Saved data entries:
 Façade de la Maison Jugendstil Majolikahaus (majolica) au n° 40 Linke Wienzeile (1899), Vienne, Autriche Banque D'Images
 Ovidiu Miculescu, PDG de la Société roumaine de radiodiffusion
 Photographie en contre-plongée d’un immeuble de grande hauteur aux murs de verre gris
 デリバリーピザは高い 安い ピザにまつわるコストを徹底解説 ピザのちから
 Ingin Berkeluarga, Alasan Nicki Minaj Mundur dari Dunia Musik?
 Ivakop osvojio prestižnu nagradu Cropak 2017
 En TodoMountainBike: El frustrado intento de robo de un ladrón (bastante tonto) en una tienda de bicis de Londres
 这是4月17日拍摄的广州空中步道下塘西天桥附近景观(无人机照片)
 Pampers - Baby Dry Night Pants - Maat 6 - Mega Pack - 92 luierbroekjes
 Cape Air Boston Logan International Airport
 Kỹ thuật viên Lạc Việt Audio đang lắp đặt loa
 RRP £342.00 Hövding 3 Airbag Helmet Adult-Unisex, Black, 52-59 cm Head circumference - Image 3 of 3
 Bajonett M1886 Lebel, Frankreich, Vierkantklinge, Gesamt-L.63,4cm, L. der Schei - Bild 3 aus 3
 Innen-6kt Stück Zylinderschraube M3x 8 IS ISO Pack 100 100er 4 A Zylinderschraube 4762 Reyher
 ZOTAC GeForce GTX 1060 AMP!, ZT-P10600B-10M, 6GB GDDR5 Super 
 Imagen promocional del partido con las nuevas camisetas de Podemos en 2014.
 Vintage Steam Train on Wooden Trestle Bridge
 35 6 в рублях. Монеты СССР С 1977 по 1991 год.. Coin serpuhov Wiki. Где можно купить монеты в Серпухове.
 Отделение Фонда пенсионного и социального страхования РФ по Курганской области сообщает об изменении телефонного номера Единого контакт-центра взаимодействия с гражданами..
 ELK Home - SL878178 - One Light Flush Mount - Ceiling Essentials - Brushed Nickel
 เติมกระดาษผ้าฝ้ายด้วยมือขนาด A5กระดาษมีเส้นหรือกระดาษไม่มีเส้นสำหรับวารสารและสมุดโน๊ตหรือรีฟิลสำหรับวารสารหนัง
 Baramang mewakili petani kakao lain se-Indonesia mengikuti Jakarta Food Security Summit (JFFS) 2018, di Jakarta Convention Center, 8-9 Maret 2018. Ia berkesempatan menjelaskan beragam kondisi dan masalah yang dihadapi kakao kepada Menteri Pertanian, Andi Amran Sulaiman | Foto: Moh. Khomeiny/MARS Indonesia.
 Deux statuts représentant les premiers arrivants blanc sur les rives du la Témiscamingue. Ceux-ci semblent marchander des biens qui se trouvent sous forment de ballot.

EXERCISE DESCRIPTION – Set down each entry from above once more, exactly as written.

EXERCISE RESULT –
 Façade de la Maison Jugendstil Majolikahaus (majolica) au n° 40 Linke Wienzeile (1899), Vienne, Autriche Banque D'Images
 Ovidiu Miculescu, PDG de la Société roumaine de radiodiffusion
 Photographie en contre-plongée d’un immeuble de grande hauteur aux murs de verre gris
 デリバリーピザは高い 安い ピザにまつわるコストを徹底解説 ピザのちから
 Ingin Berkeluarga, Alasan Nicki Minaj Mundur dari Dunia Musik?
 Ivakop osvojio prestižnu nagradu Cropak 2017
 En TodoMountainBike: El frustrado intento de robo de un ladrón (bastante tonto) en una tienda de bicis de Londres
 这是4月17日拍摄的广州空中步道下塘西天桥附近景观(无人机照片)
 Pampers - Baby Dry Night Pants - Maat 6 - Mega Pack - 92 luierbroekjes
 Cape Air Boston Logan International Airport
 Kỹ thuật viên Lạc Việt Audio đang lắp đặt loa
 RRP £342.00 Hövding 3 Airbag Helmet Adult-Unisex, Black, 52-59 cm Head circumference - Image 3 of 3
 Bajonett M1886 Lebel, Frankreich, Vierkantklinge, Gesamt-L.63,4cm, L. der Schei - Bild 3 aus 3
 Innen-6kt Stück Zylinderschraube M3x 8 IS ISO Pack 100 100er 4 A Zylinderschraube 4762 Reyher
 ZOTAC GeForce GTX 1060 AMP!, ZT-P10600B-10M, 6GB GDDR5 Super 
 Imagen promocional del partido con las nuevas camisetas de Podemos en 2014.
 Vintage Steam Train on Wooden Trestle Bridge
 35 6 в рублях. Монеты СССР С 1977 по 1991 год.. Coin serpuhov Wiki. Где можно купить монеты в Серпухове.
 Отделение Фонда пенсионного и социального страхования РФ по Курганской области сообщает об изменении телефонного номера Единого контакт-центра взаимодействия с гражданами..
 ELK Home - SL878178 - One Light Flush Mount - Ceiling Essentials - Brushed Nickel
 เติมกระดาษผ้าฝ้ายด้วยมือขนาด A5กระดาษมีเส้นหรือกระดาษไม่มีเส้นสำหรับวารสารและสมุดโน๊ตหรือรีฟิลสำหรับวารสารหนัง
 Baramang mewakili petani kakao lain se-Indonesia mengikuti Jakarta Food Security Summit (JFFS) 2018, di Jakarta Convention Center, 8-9 Maret 2018. Ia berkesempatan menjelaskan beragam kondisi dan masalah yang dihadapi kakao kepada Menteri Pertanian, Andi Amran Sulaiman | Foto: Moh. Khomeiny/MARS Indonesia.
 Deux statuts représentant les premiers arrivants blanc sur les rives du la Témiscamingue. Ceux-ci semblent marchander des biens qui se trouvent sous forment de ballot.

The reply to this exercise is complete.